Talk
Probabilistic limit theorems for the periodic Lorentz gas and for the geodesic flow on a Z^d-cover of a negatively curved compact surface
Talk by Prof. Dr. Françoise Pène
Speaker invited by: Prof. Dr. Corinna Ulcigrai
Date: 20.11.23 Time: 15.00 - 16.00 Room: Y27H25
The two models mentioned in the title are natural examples of dynamical systems preserving an infinite measure. Because of their periodicity, they can be represented by a Z^d-extension over a chaotic probability preserving dynamical system (resp. Sinai billiard, geodesic flow on a compact surface).
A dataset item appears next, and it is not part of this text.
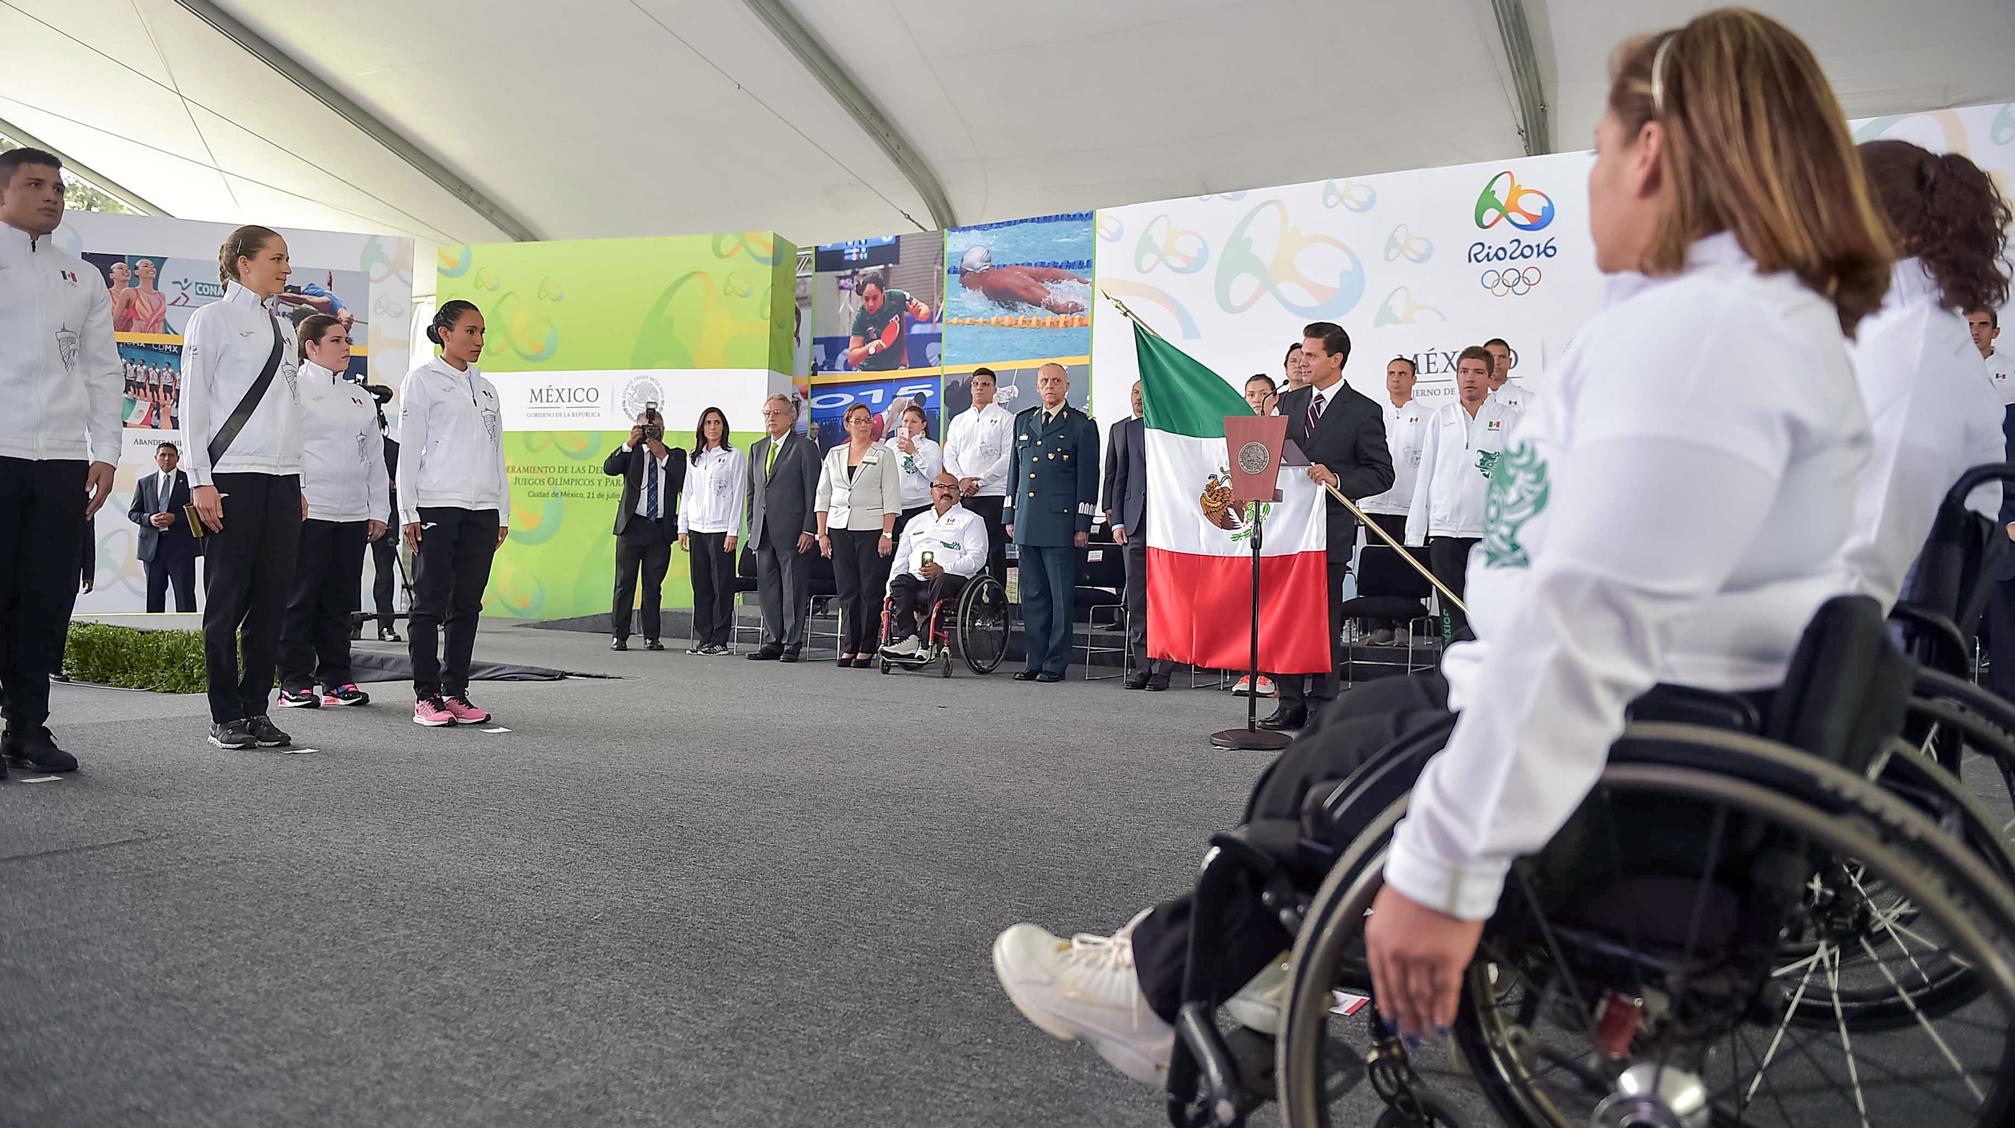 Participarán 128 atletas en Juegos Olímpicos y 66 en Juegos Paralímpicos.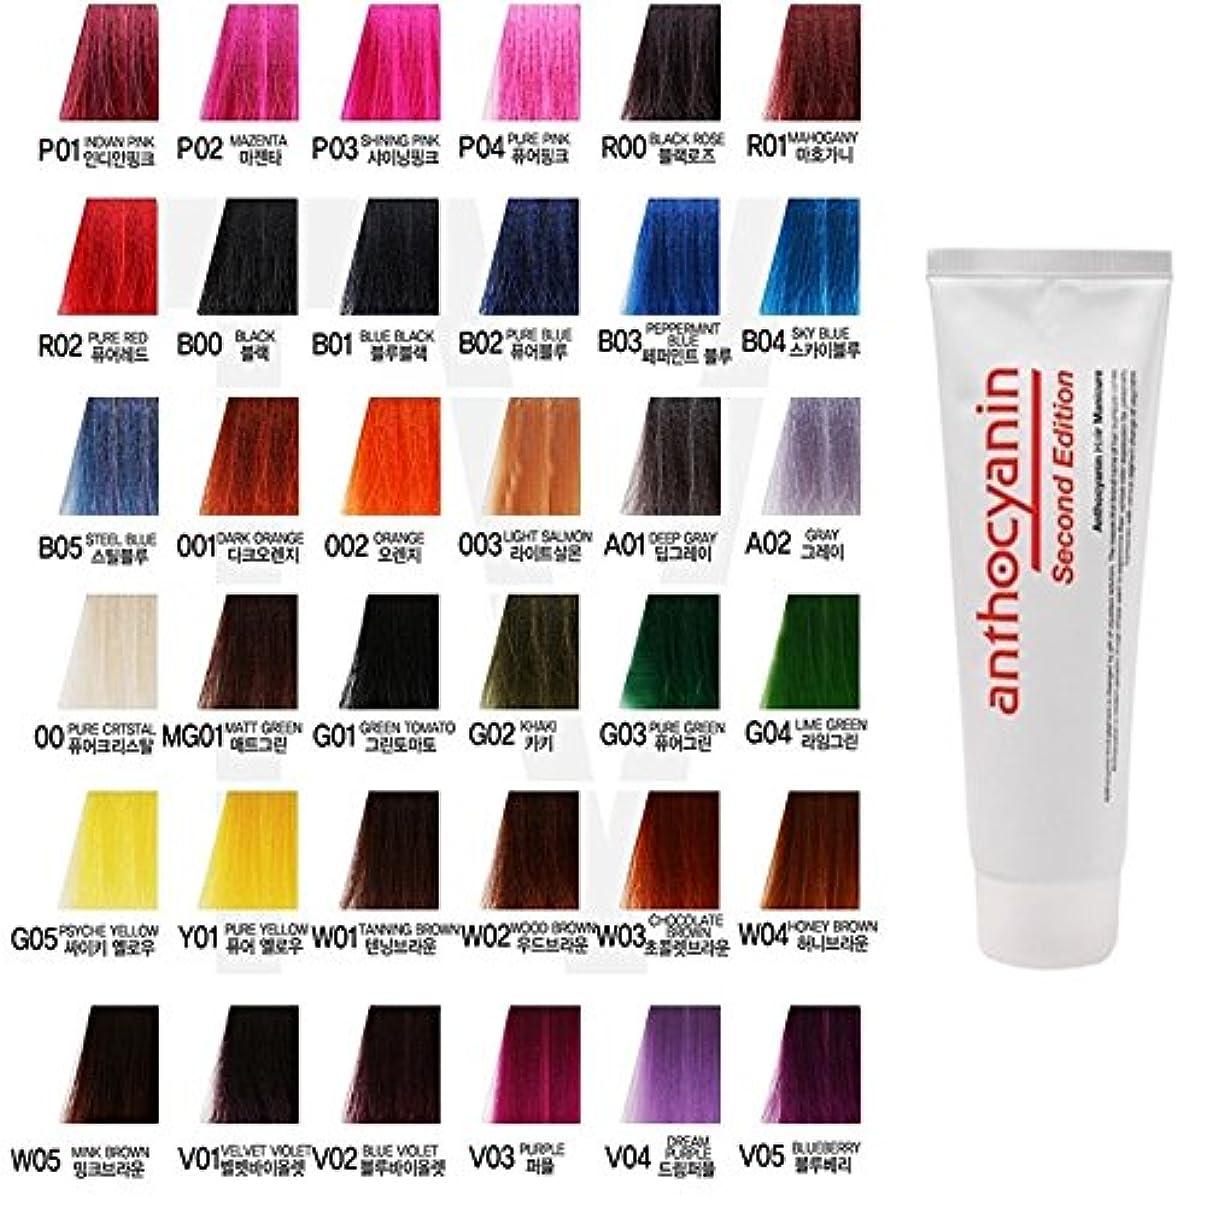 決定するトリプル内部ヘア マニキュア カラー セカンド エディション 230g セミ パーマネント 染毛剤 ( Hair Manicure Color Second Edition 230g Semi Permanent Hair Dye) [並行輸入品] (O12 Coral Orange)

Thus, their ergodic properties are closely related to those of the underlying probability preserving chaotic system (studied namely by Sinai, Bunimovich, Chernov, Young, Ratner, Pesin, etc.) and in particular with the local limit theorem established by resp. Domokos Szász and Tamás Varjú and Yves Guivarc'h and J. Hardy. When the horizon is finite, the free flight is bounded, and powerful tools can be used to establish many strong results, such as quantitative recurrence results, expansions in mixing, limit theorems for Birkhoff sums, for pin-ball, for non-stationary Birkhoff sums and for solutions of perturbed differential equations (results in collaboration with Benoît Saussol, with Dima Dolgopyat and Péter Nándori, with Damien Thomine, results by Nasab Yassine and Maxence Phalempin). Finally we will also state results in the more difficult case of the Lorentz gas in infinite horizon (results in collaboration with Dalia Terhesiu, and also with Ian Melbourne).''